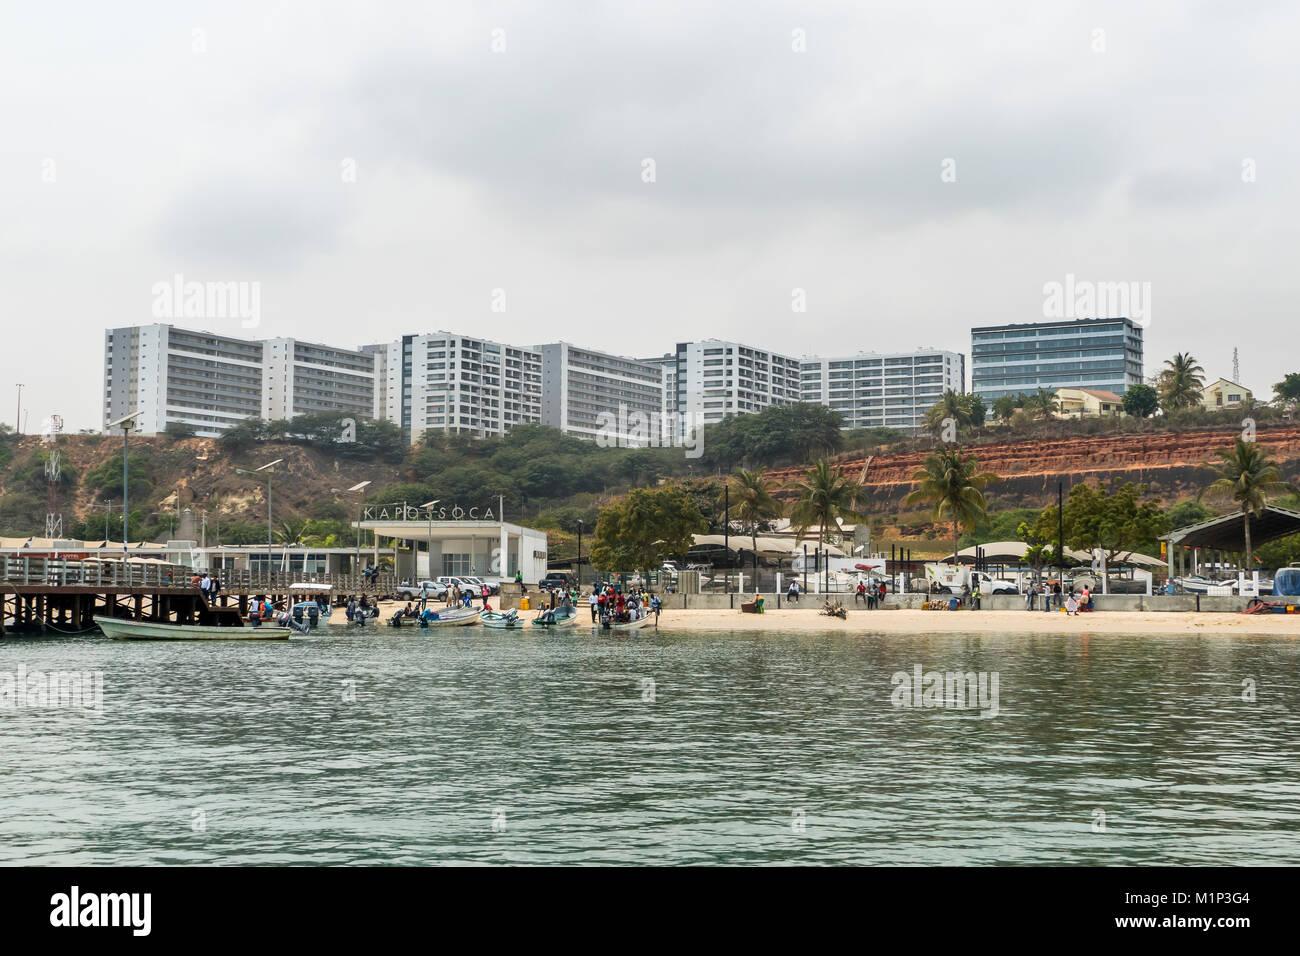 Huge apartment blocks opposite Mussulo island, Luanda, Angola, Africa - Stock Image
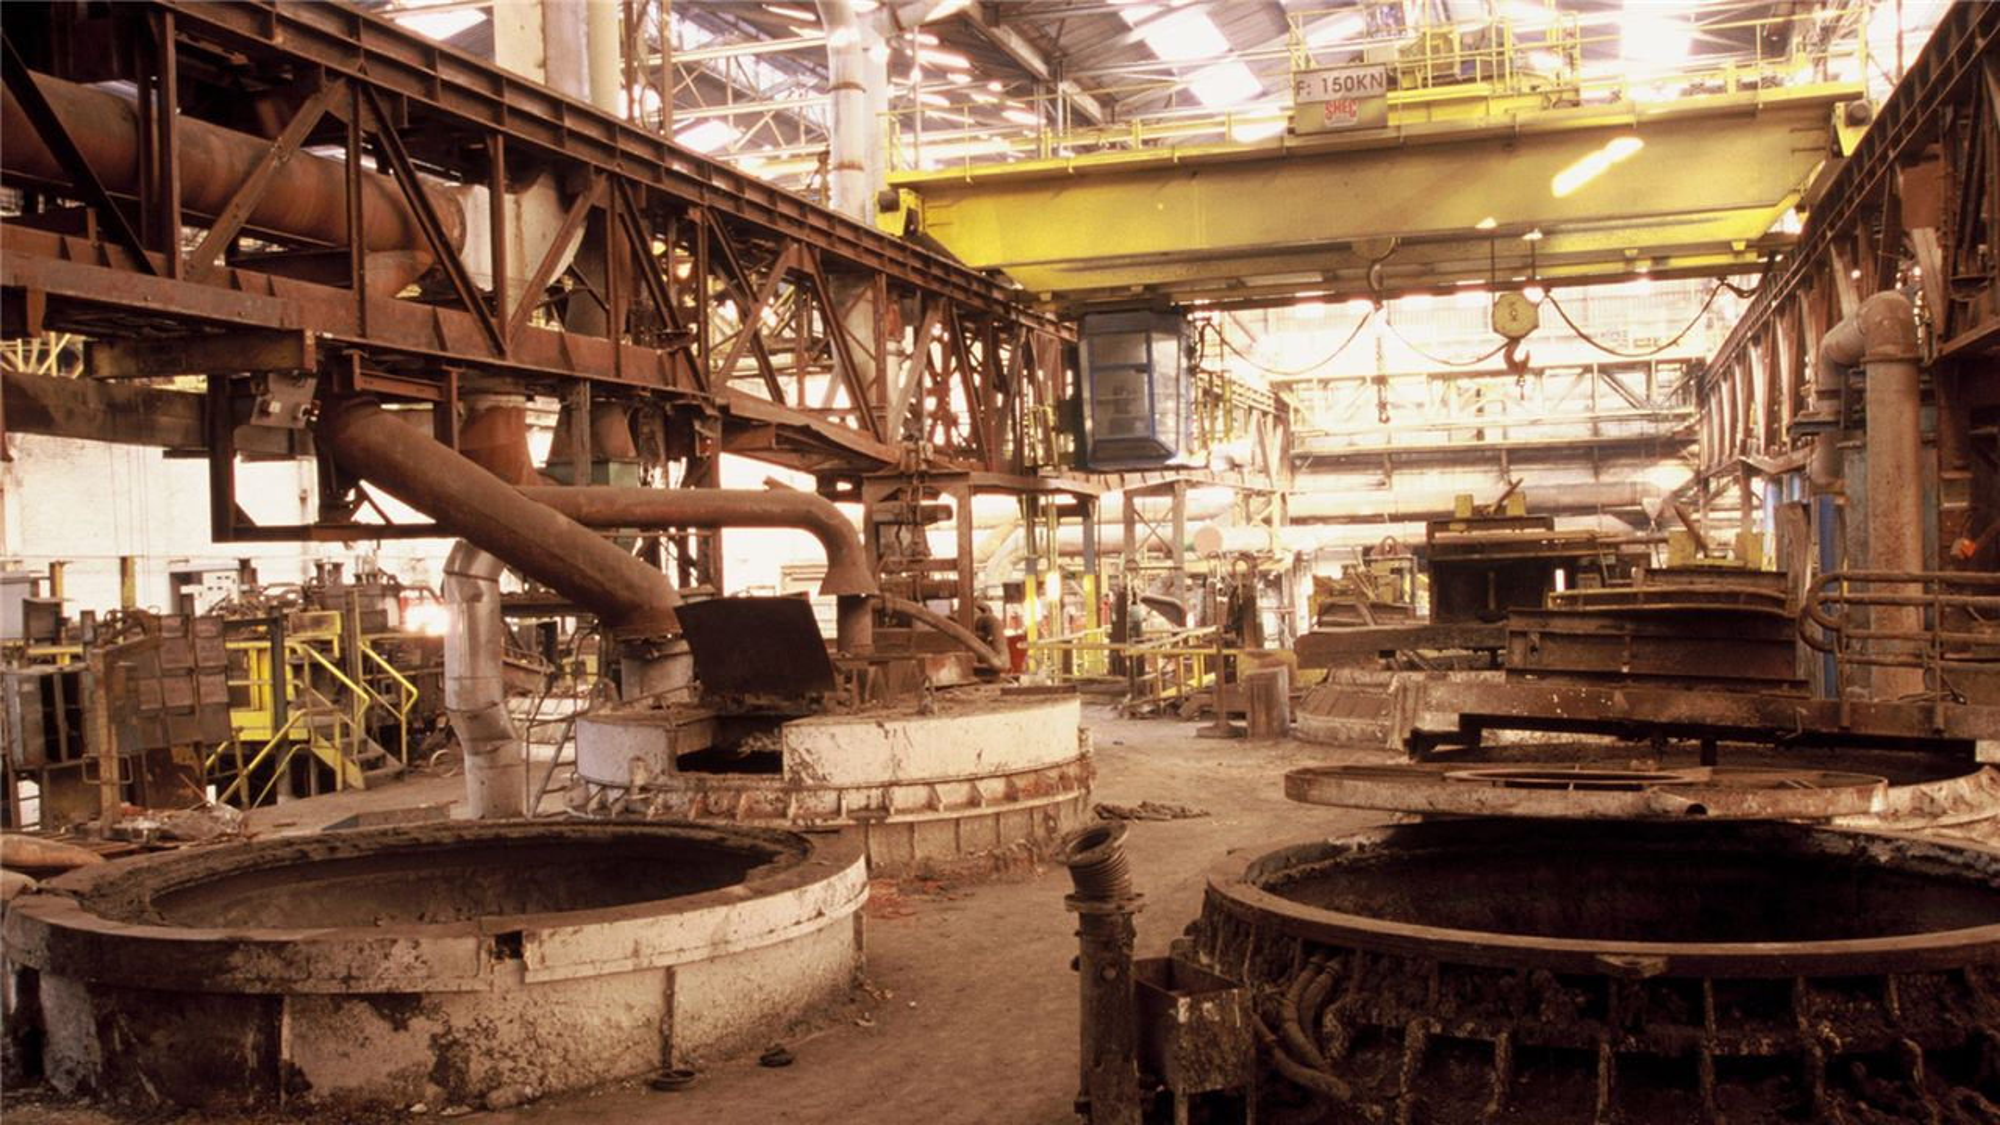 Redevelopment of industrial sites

==

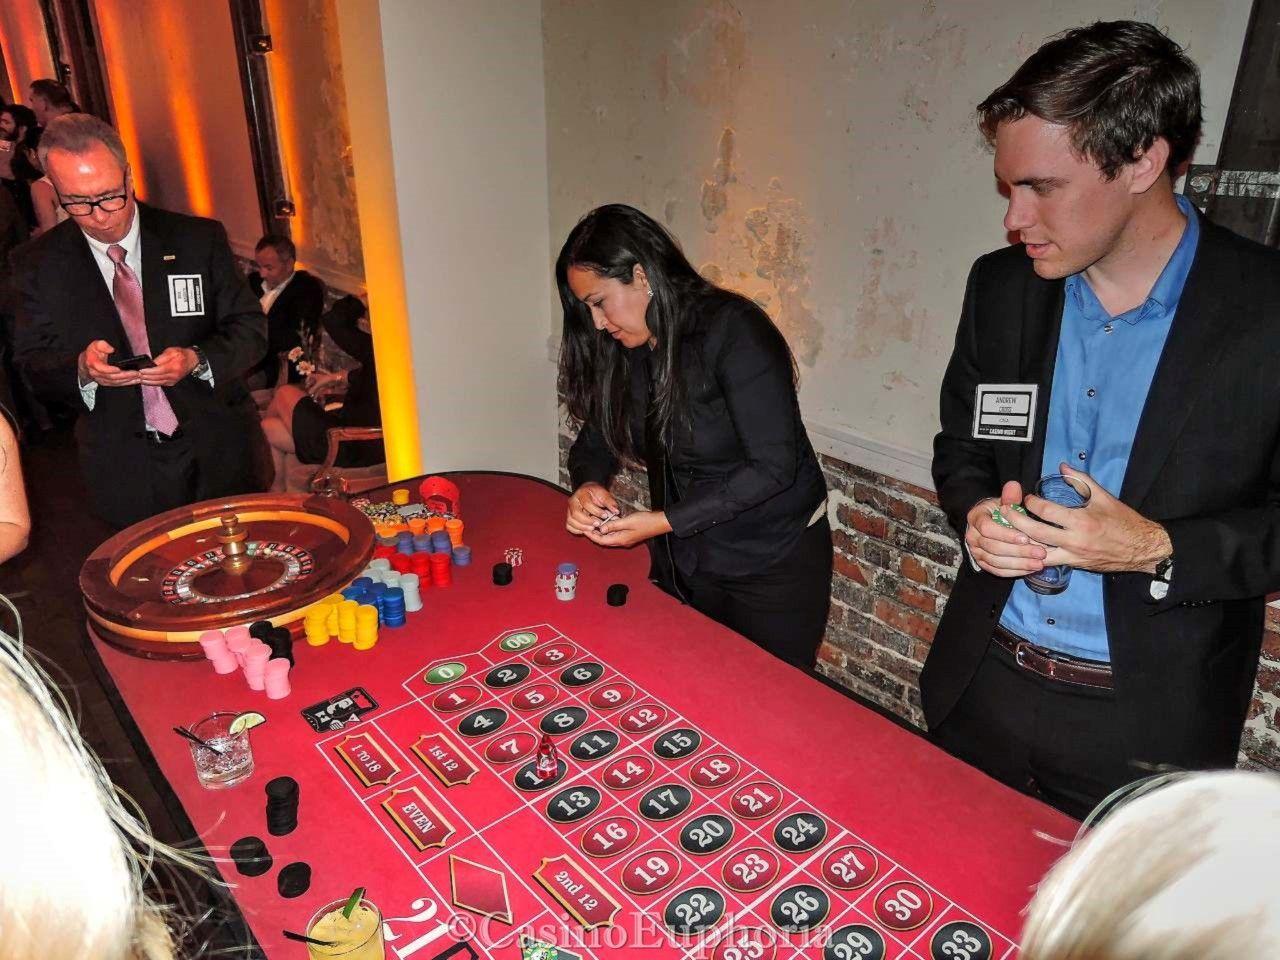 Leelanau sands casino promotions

→ **Exercise aim**: Within the listing above, print exactly the stretch beginning at the line that contains "Huge apartment blocks" and finishing at the line that contains "Redevelopment of industrial sites", ends kept, pictures left out, and nothing more.

→ **Output of the task**:
 Huge apartment blocks opposite Mussulo island, Luanda, Angola, Africa - Stock Image
 Redevelopment of industrial sites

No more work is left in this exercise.